Western blot analysis
Cell lysates were obtained with a mixture of RIPA protein extraction reagent, protease inhibitor and phosphatase inhibitor (Roche, CA, USA). Fresh frozen tissue samples were treated with T-PER™ Tissue Protein Extraction Reagent (Thermo Scientific™). Protein concentration was measured using a bicinchoninic acid assay (BCA). Protein lysate were then separated by 10% SDS-PAGE and transferred onto PVDF membranes, which were blocked in 5% non-fat milk and probed with primary antibodies against MHC class I (1:1000, Abcam) and GAPDH (1:5000, Abcam) at 4 °C overnight. After incubation in a solution of goat anti-rabbit or anti-mouse IgG (1:5000 for both; Jackson ImmunoResearch Laboratories), membranes were treated with enhanced chemiluminescence reagents (Thermo Fisher Scientific) and detected with Alpha Imager (Alpha Innotech, San Leandro, CA, USA).
All data are shown as mean ± SD or SEM as indicated. Independent t-tests were used for continuous variables and Pearson’s χ2 tests were used for categorical variables. P < 0.05 was considered to indicate a statistically significant difference. Statistical tests were performed using GraphPad Prism 5.01 software (GraphPad Software, Inc.) and IBM SPSS 22.0 (Armonk, NY, USA). Graphs and figures were produced using GraphPad and Abobe Photoshop (Adobe Systems Inc.).
A total number of 138 patients were included in this study. 110 (79.7%) of them were female. The majority of the cohort was under 55 yrs. (116, 84.1%). Over half of them (74, 53.5%) had microcarcinoma. Multifocal lesions were found in 44 (31.9%) patients and extrathyroidal invasion was only positive in 15 (10.9%) patients. Lymph node metastasis occurred in 75 (54.3%) cases. According to the 8th edition of AJCC/UICC TNM staging criteria, only 3 (2%) patients was classified as stage III or IV.
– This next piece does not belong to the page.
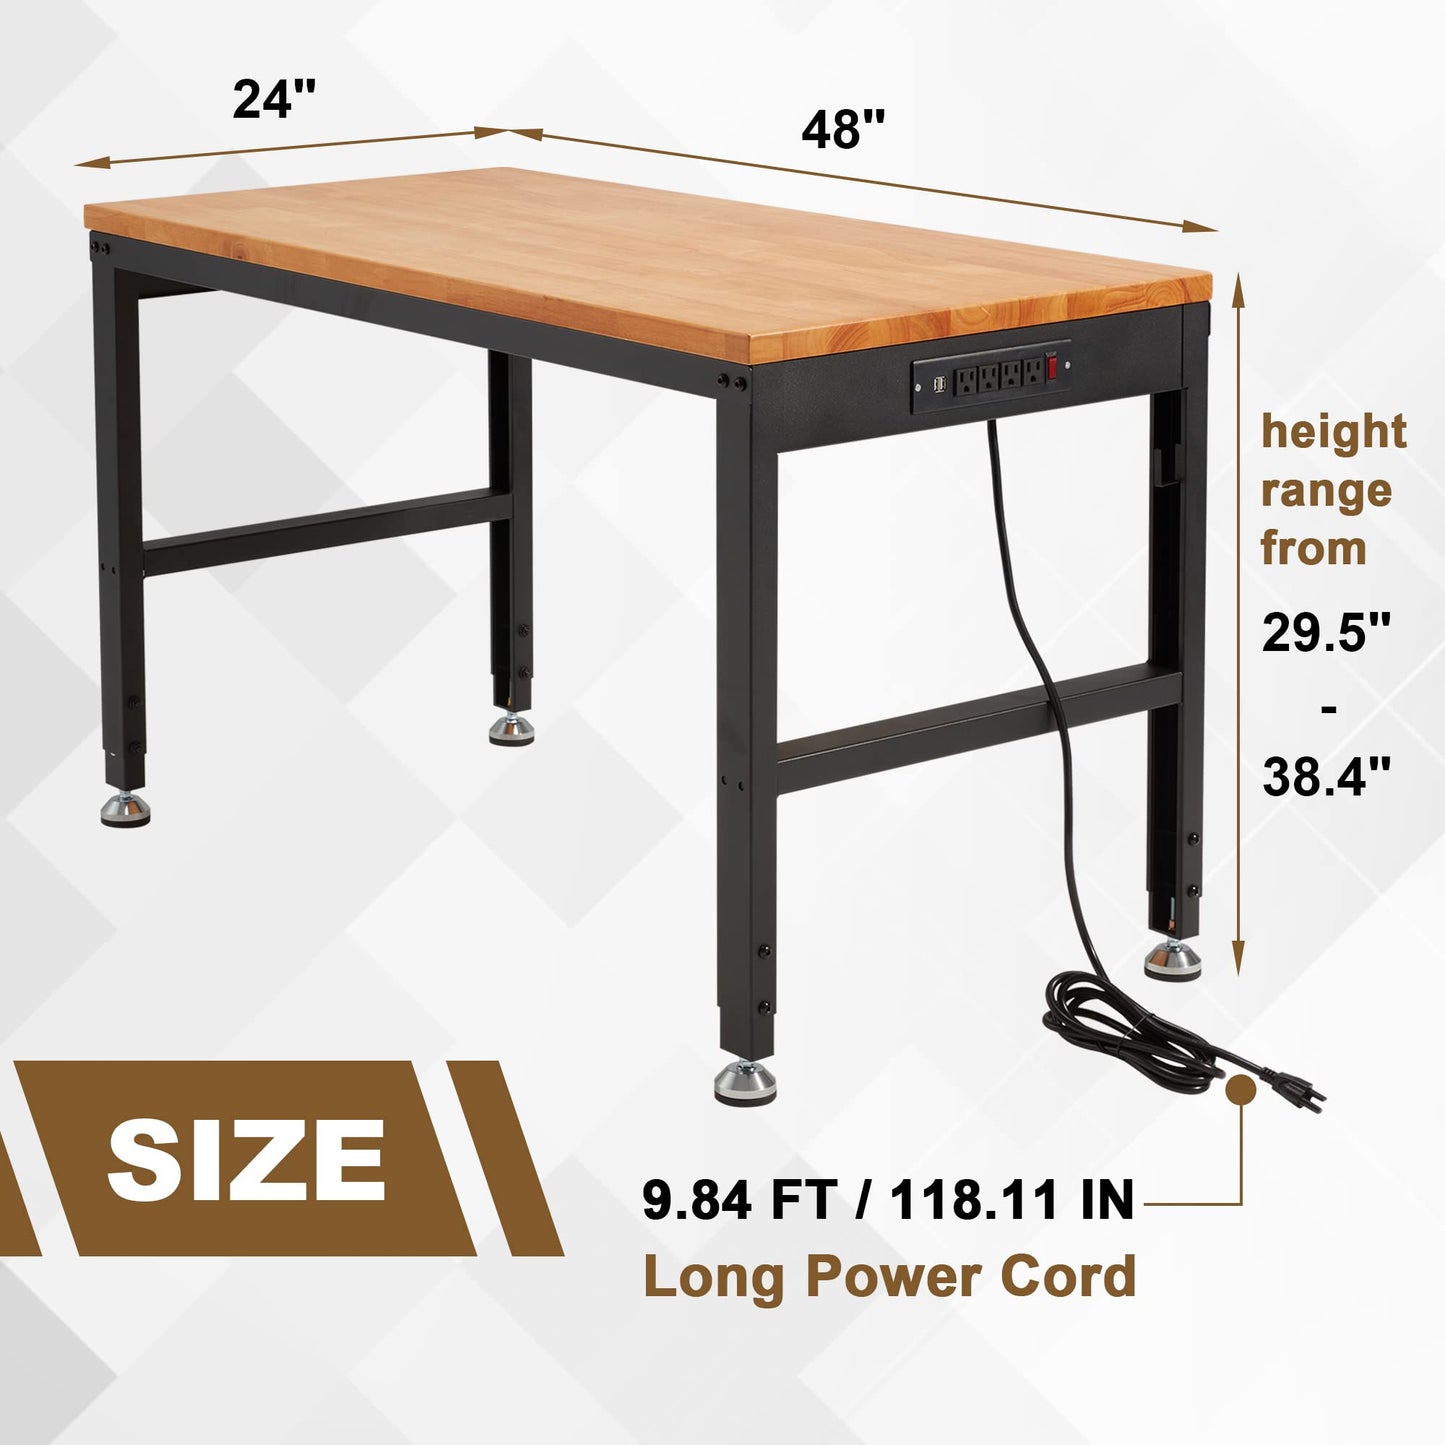 AHB 48" Workbench Adjustable Height, Oak Wood Work Table with Power Outlets, Max 2000 LBS, Heavy Duty Work Bench for Garage Party Shop Office

The patient cohort was further divided by the diagnosis of coexistent HT. Postoperative pathology reports identified 49 (35.5%) cases of PTC + HT. The majority of them were female, with a higher proportion than that of PTC (95.9% vs. 70.8%, P < 0.001). Age, tumor size, extrathyroidal invasion, lymph node metastasis and TNM staging between these 2 groups showed no significant difference. However, our data revealed that patients with coexistent HT were more vulnerable to multifocal lesions (42.9% vs 25.8%, P = 0.040). Clinical characteristics of all 138 patients were listed in Table 1.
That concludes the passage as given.